I was weaned on file systems and databases which did not have any facilities for stored procedures and triggers, so I learned how to build applications without them. When such facilities became available my colleagues and I still never used them for practical reasons:
Our golden rule was:
Use stored procedures and triggers only when it is an absolutely necessity.
This is in total conflict with the attitude of today's wet-behind-the-ears tenderfoot greenhorns who seems to think:
Use stored procedures and triggers at every possible opportunity simply because you can.

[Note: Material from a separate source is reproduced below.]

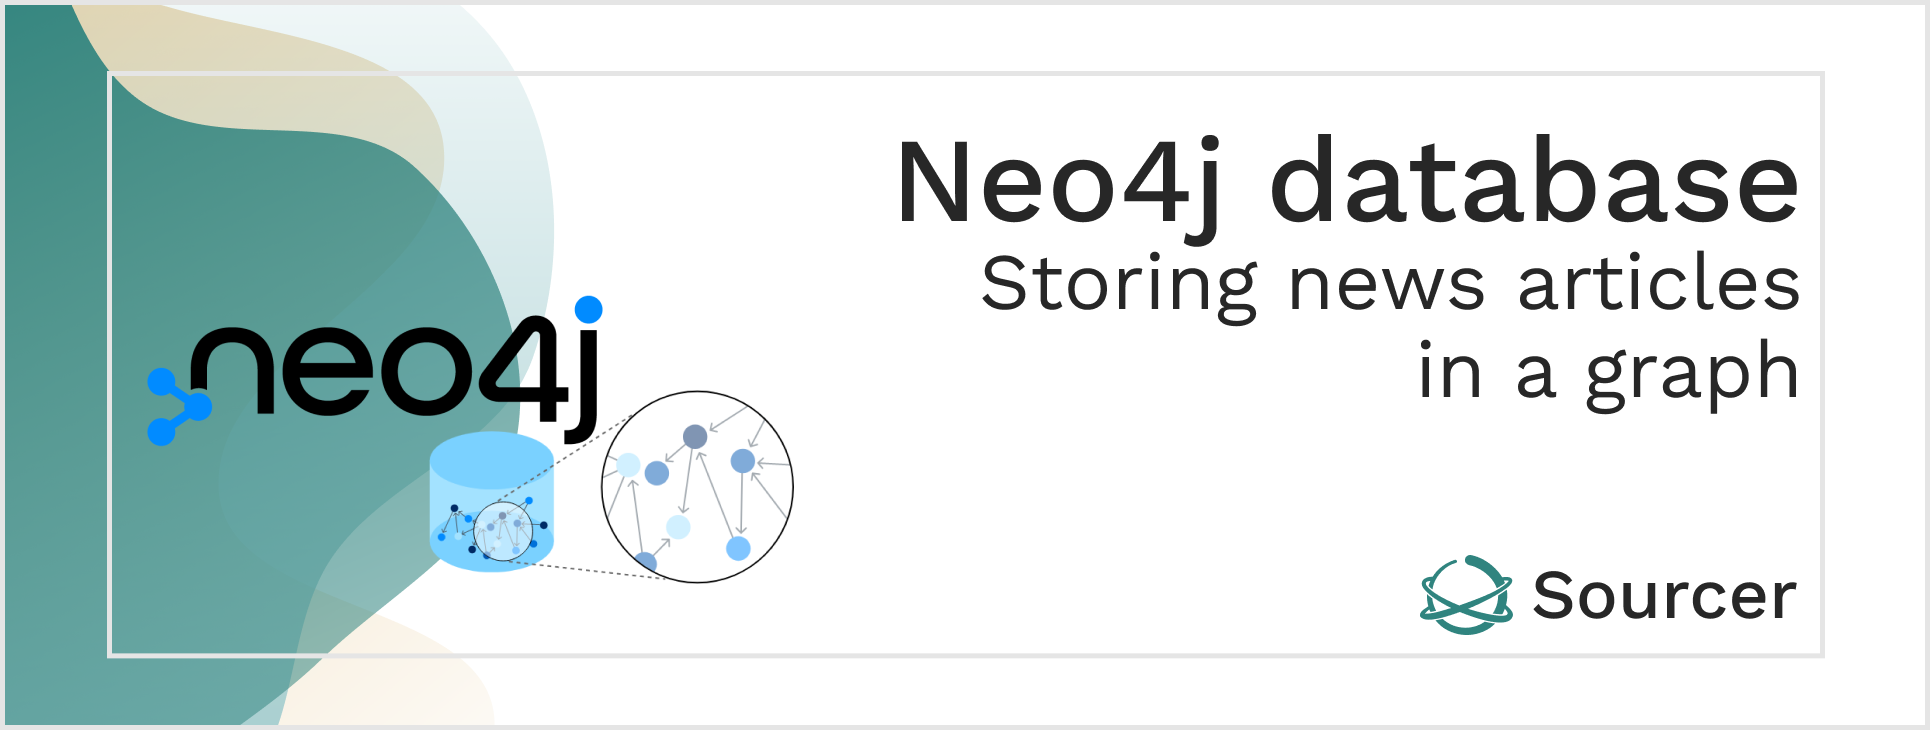 Neo4j database; Storing news articles in a graph-image

Amongst the arguments in favour of stored procedures are:
Some people argue that putting ad-hoc SQL in your business layer (BL) code is not that good. Agreed, but who said that the only alternative is stored procedures? Why not have a DAL that generates the SQL query at runtime based on information passed to it by the BL? It is correct to say that small changes to the database can have severe impacts on the application. However, changes to a relational model will always have an impact on the application that targets that model: add a non-nullable column to a table and you will see what I mean. You can use stored procedures or ad-hoc queries, you have to change the calling code to make sure that column gets a value when a new row is inserted. For Ad-hoc queries, you change the query, and you're set. For stored procedures, you have to change the signature of the stored procedure, since the INSERT/UPDATE procs have to receive a value for the new column. This can break other code targeting the stored procedure as well, which is a severe maintenance issue. A component which generates the SQL on the fly at runtime doesn't suffer from this: it will for example receive an entity which has to be saved to the database, that entity contains the new field, the SQL is generated and the entity is saved. No maintenance problems. With a stored procedure this wouldn't be possible.
This is a common argument that many people echo without realising that it became defunct when role-based security was made available. A good DBA defines user-roles in the database, and users are added to those roles and rights are defined per role, not per user. This way, it is easy to control which users can insert / update and which users can for example select or delete or have access to views in an easy way.
With a view it is possible to control which data is accessed on a column basis or row basis. This means that if you want user U to select only 2 or so columns from a table, you can give that user access to a view, not the underlying table. The same goes for rows in one or more tables. Create a view which shows those rows, filtering out others. Give access rights to the view, not the table, obviously using user-roles. This way you can limit access to sensitive data without having to compromise your programming model because you have to move to stored procedures.
It is also said that stored procedures are more secure because they prevent SQL injection attacks. This argument is false for the simple reason that it is possible to have a stored procedure which concatenates strings together and therefore open itself up to sql injection attacks (generally seen in systems which use procedures and have to offer some sort of general search routine), while the use of parameterized queries removes this vulnerability as no value can end up as being part of the actually query string.
The execution of SQL statements in stored procedures may have been faster than with dynamic SQL in the early days of database systems, but that advantage has all but disappeared in the current versions. In some cases a stored procedure may even be slower than dynamic SQL, so this argument is as dead as a Dodo.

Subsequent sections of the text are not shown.